Get additional file properties in windows

I am trying to pull the word count from Microsoft Word document into Cache. Is there anyway to get the values of the extended file properties without opening the word document?  If I right click on a word document (Word does not need to be installed) I can see the additional properties that I want to reference however don't know how to access these without calling out to VBA or poweshell.

 

 

  • 0
  • 0
  • 95
  • 2
  • 1

Answers

It's not a file property. Docx is just a zip archive, inside it is docProps/app.xml file. Here's how it looks like:

<?xml version="1.0" encoding="UTF-8" standalone="yes"?>
<Properties>
    <TotalTime>4</TotalTime>
    <Pages>8</Pages>
    <Words>1882</Words>
    <Characters>10731</Characters>
    <Application>Microsoft Office Word</Application>
    <Lines>89</Lines>
    <Paragraphs>25</Paragraphs>
    <CharactersWithSpaces>12588</CharactersWithSpaces>
</Properties>

Explorer reads the app.xml file and gets information from it.

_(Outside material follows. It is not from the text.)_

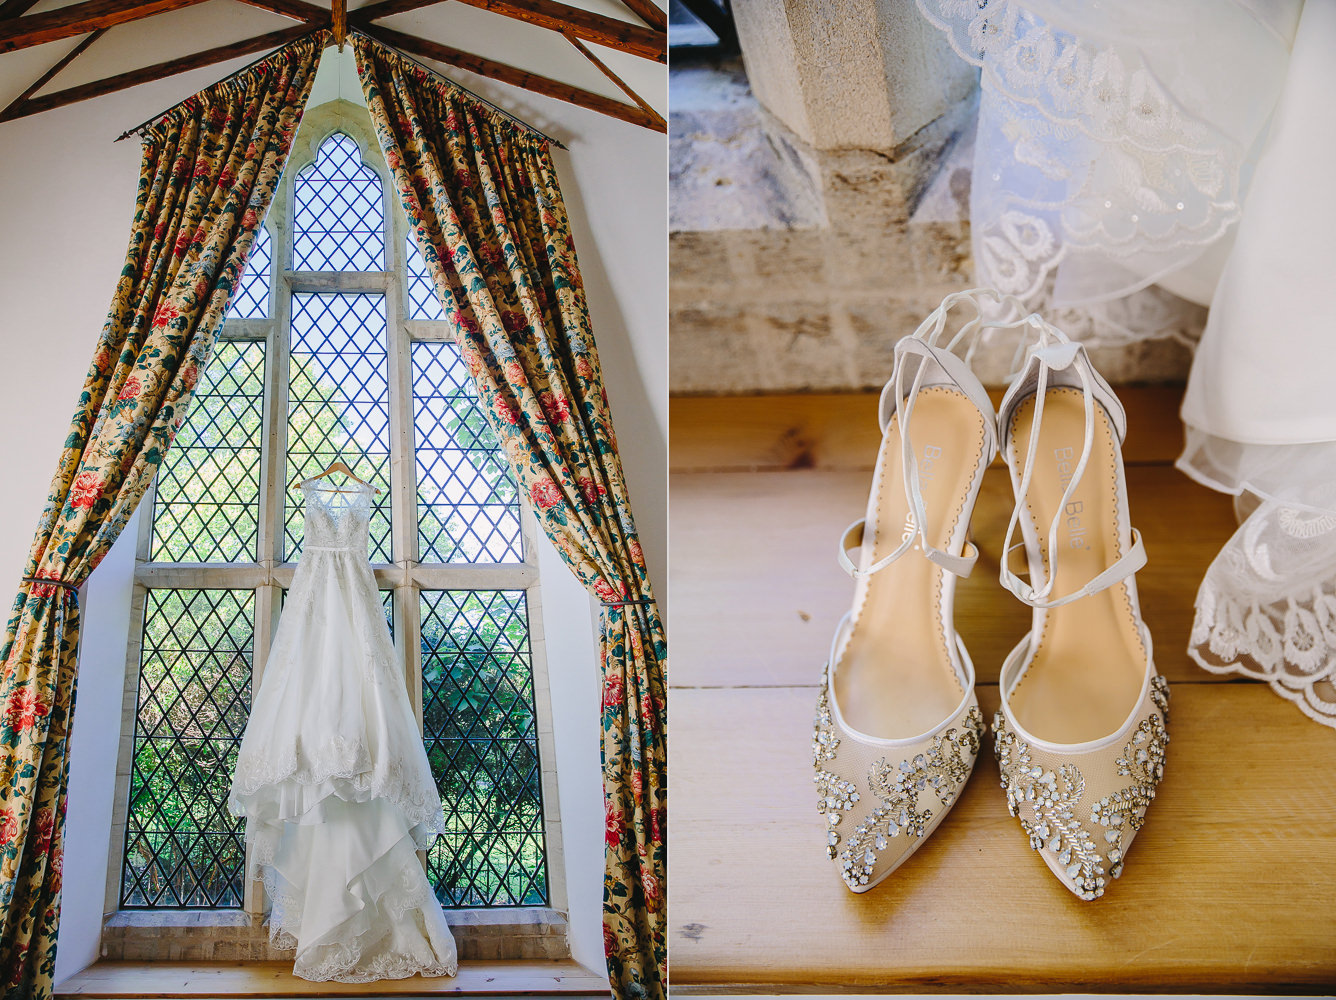 Wedding dress hanging from a large window and wedding shoes on the windowsill.

You can do the same I suppose, here's an article on that.

In your case you don't want to unpack the whole docx, check this unzip implementation for ObjectScript.

Hi Eduard, many thanks for the response however the files that I am trying to pick up the word count properties for are .doc files and not .docx files and what I don't understand is how does windows just pull these properties even when word is not installed, then surely there should be a way that COS can tap into the same windows libraries?

You can use Apache POI library (or call PS, but cursory googling shows that Word is a requirement via COM objects) for example to get this information. As for how explorer gets doc info - I have honestly no idea.